RAMALLAH, West Bank (AP) - Yasser Arafat, the guerrilla leader turned Nobel Peace Prize winner who forced his people's plight into the world spotlight, died Thursday at age 75 - still reviled by many as a terrorist.
Arafat died at 3:30 a.m. in a French military hospital. His last days were as murky and dramatic as his life. Arafat was flown to France on Oct. 29 after nearly three years of being penned in his West Bank headquarters by Israeli tanks.
He initially improved but then sharply deteriorated as rumors swirled about his illness. Neither doctors nor Palestinian leaders would say what killed Arafat.
Tens of thousands of Palestinians poured into the streets of the Gaza Strip in a spontaneous show of grief. Dozens of gunmen fired into the air, and marchers waved Palestinian flags.
Mosques blared Quranic verses and children burned tires on the main streets, covering the skies in black smoke. People pasted posters of Arafat on building walls.
Palestinian Parliament Speaker Rauhi Fattouh was to be sworn in as Palestinian Authority president until elections are held in 60 days, according to Palestinian law. Officials said they want to ensure a smooth transition, despite uncertainty and a behind-the-scenes power struggle to assume the Arafat mantle.
Palestinian flags at Arafat's battered Ramallah compound were lowered to half staff. Television broadcast excerpts from the Quran with a picture of Arafat in the background.
"He closed his eyes and his big heart stopped. He left for God but he is still among this great people," said senior Arafat aide Tayeb Abdel Rahim, who broke into tears as he announced Arafat's death.
U.N. Secretary General Kofi Annan said he was saddened by Arafat's passing.
"President Arafat was one of those few leaders who could be instantly recognized by people in any walk of life all around the world. For nearly four decades, he expressed and symbolized in his person the national aspirations of the Palestinian people."

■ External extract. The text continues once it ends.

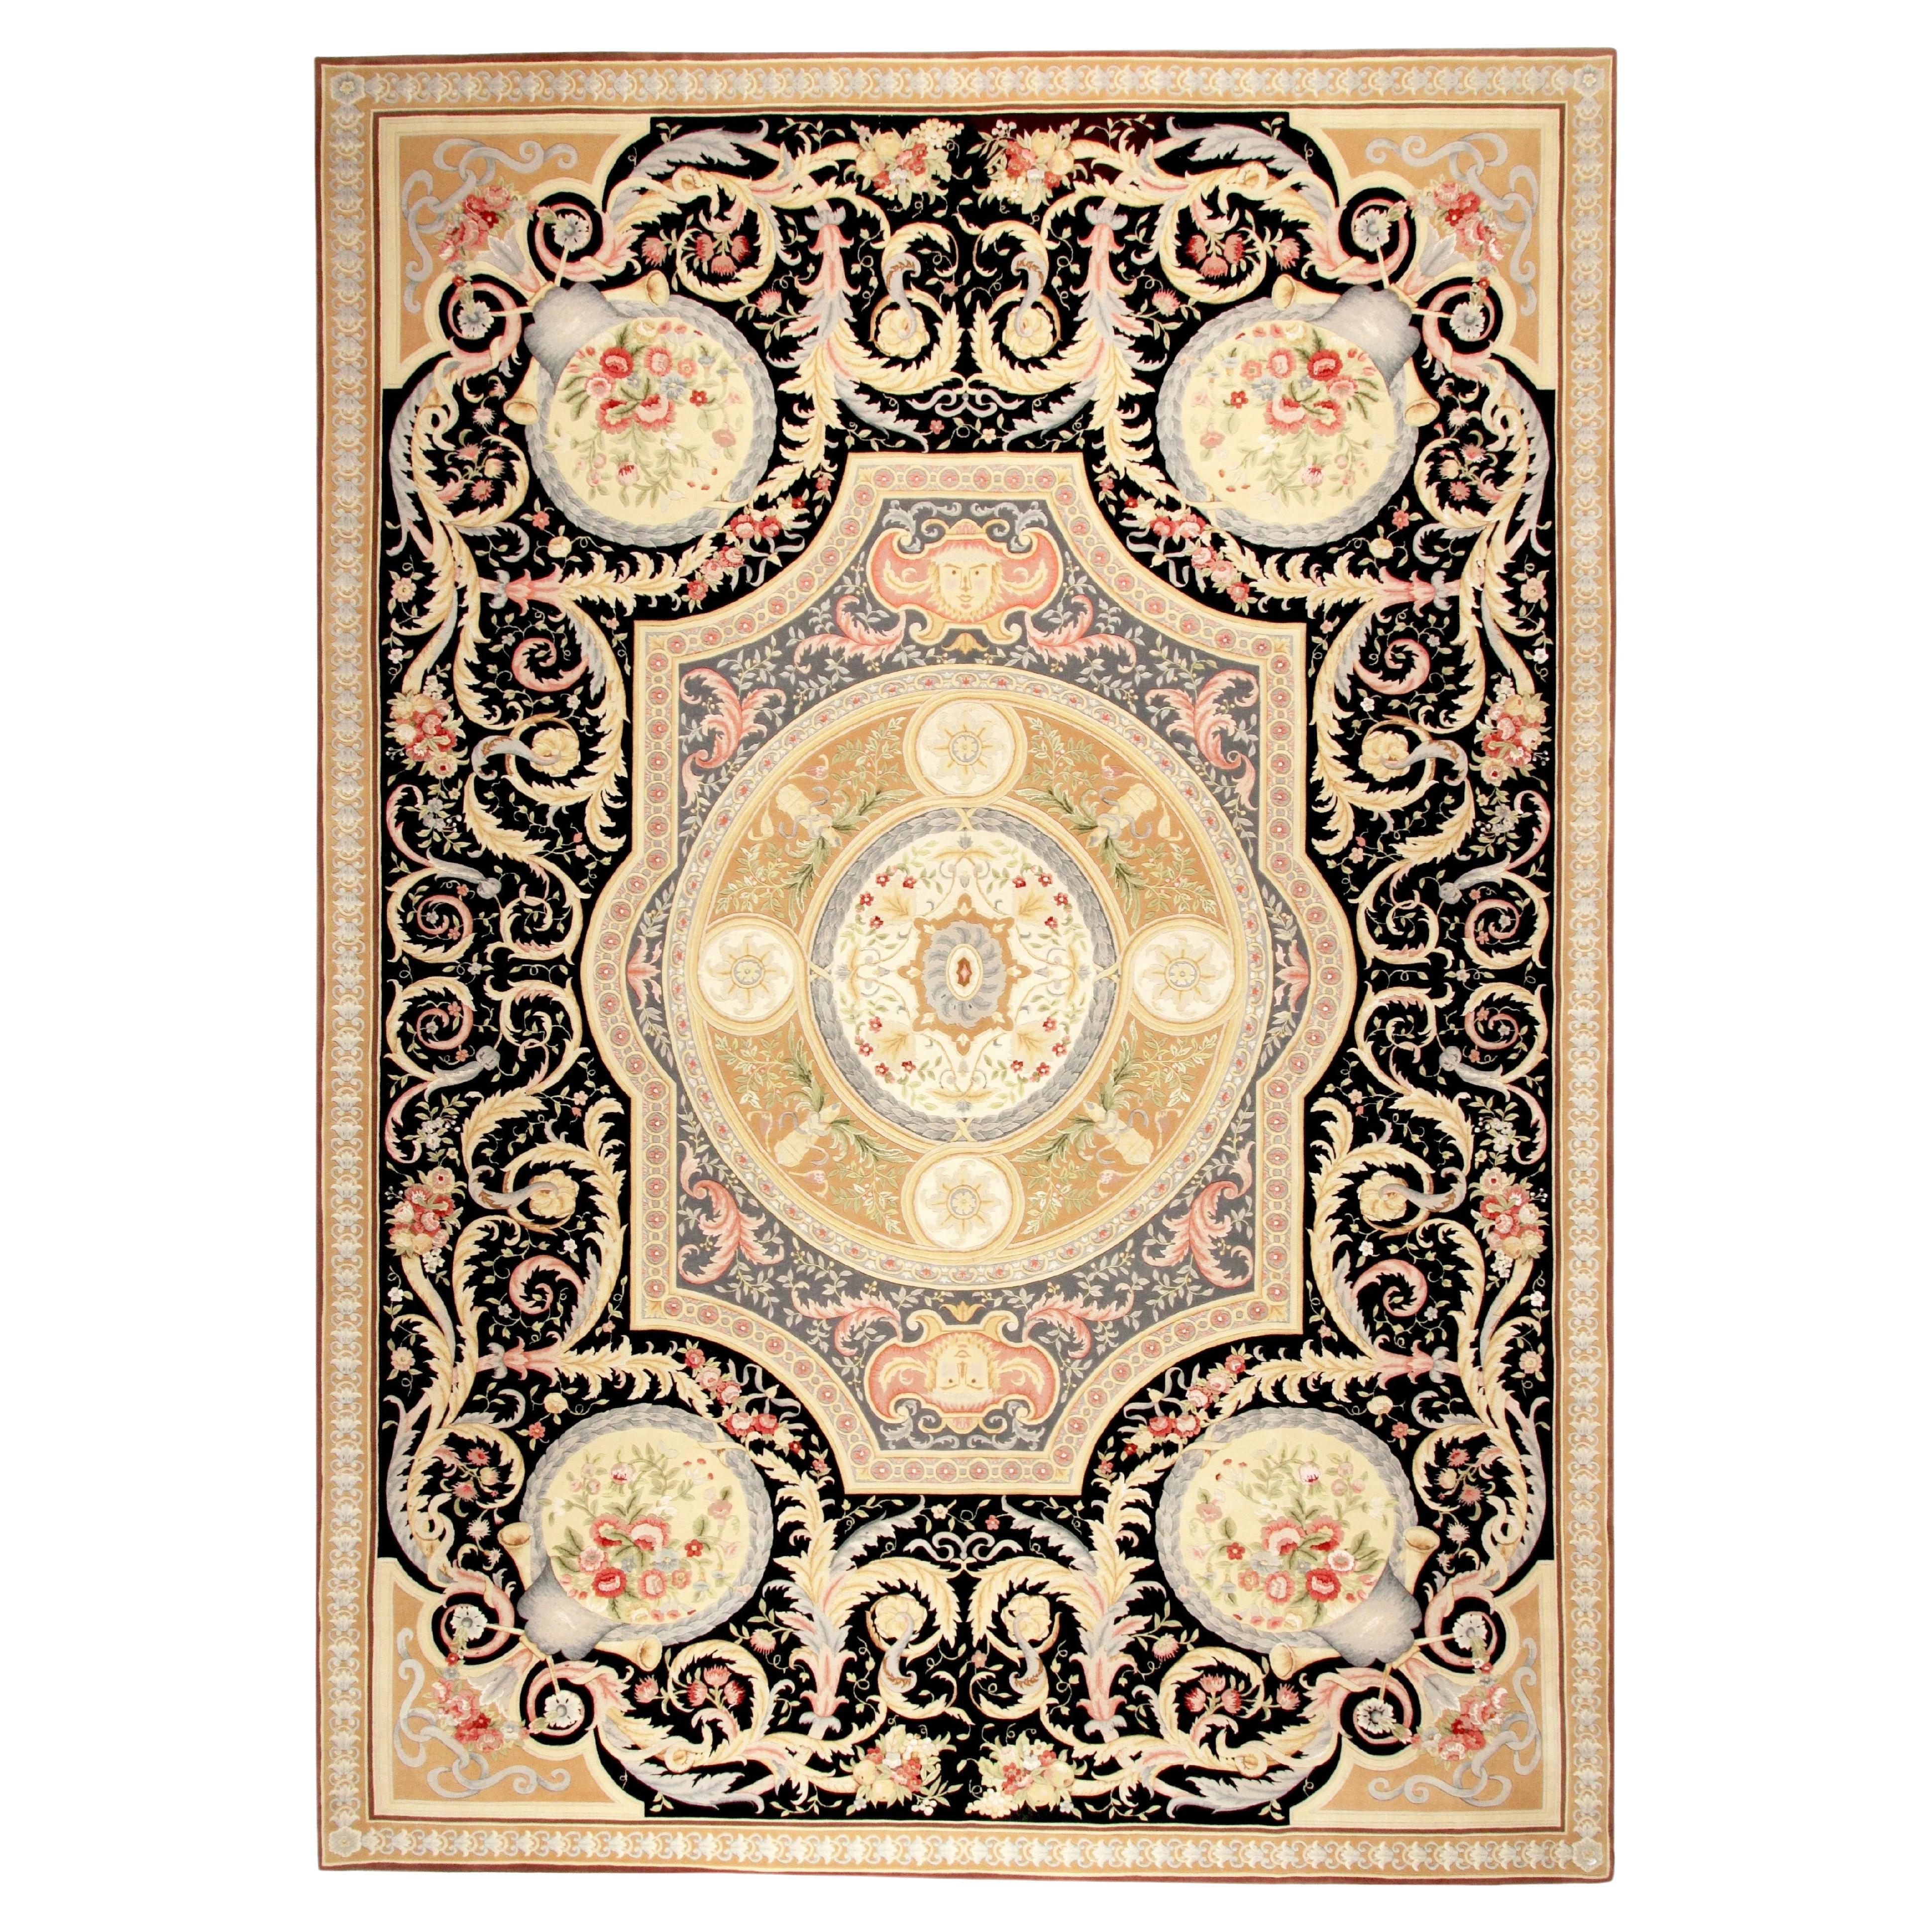 VIA COMO 'Grandioso' Rug Hand Knotted Wool Silk Fine Carpet One of a Kind 10x14

Revered by his own people, Arafat was reviled by others. He was accused of secretly fomenting attacks on Israelis while proclaiming brotherhood and claiming to have put terrorism aside. Many Israelis felt the paunchy 5-foot, 2-inch Palestinian's real goal remained the destruction of the Jewish state.
Arafat became one of the world's most familiar faces after addressing the U.N. General Assembly in New York in 1974, when he entered the chamber wearing a holster and carrying a sprig. "Today I have come bearing an olive branch and a freedom fighter's gun," he said. "Do not let the olive branch fall from my hand."
Two decades later, he shook hand at the White House with Israeli Prime Minister Yitzhak Rabin on a peace deal that formally recognized Israel's right to exist while granting the Palestinians limited self-rule in the West Bank and Gaza Strip. The pact led to the 1994 Nobel Peace Prize for Arafat, Rabin and Israeli Foreign Minister Shimon Peres.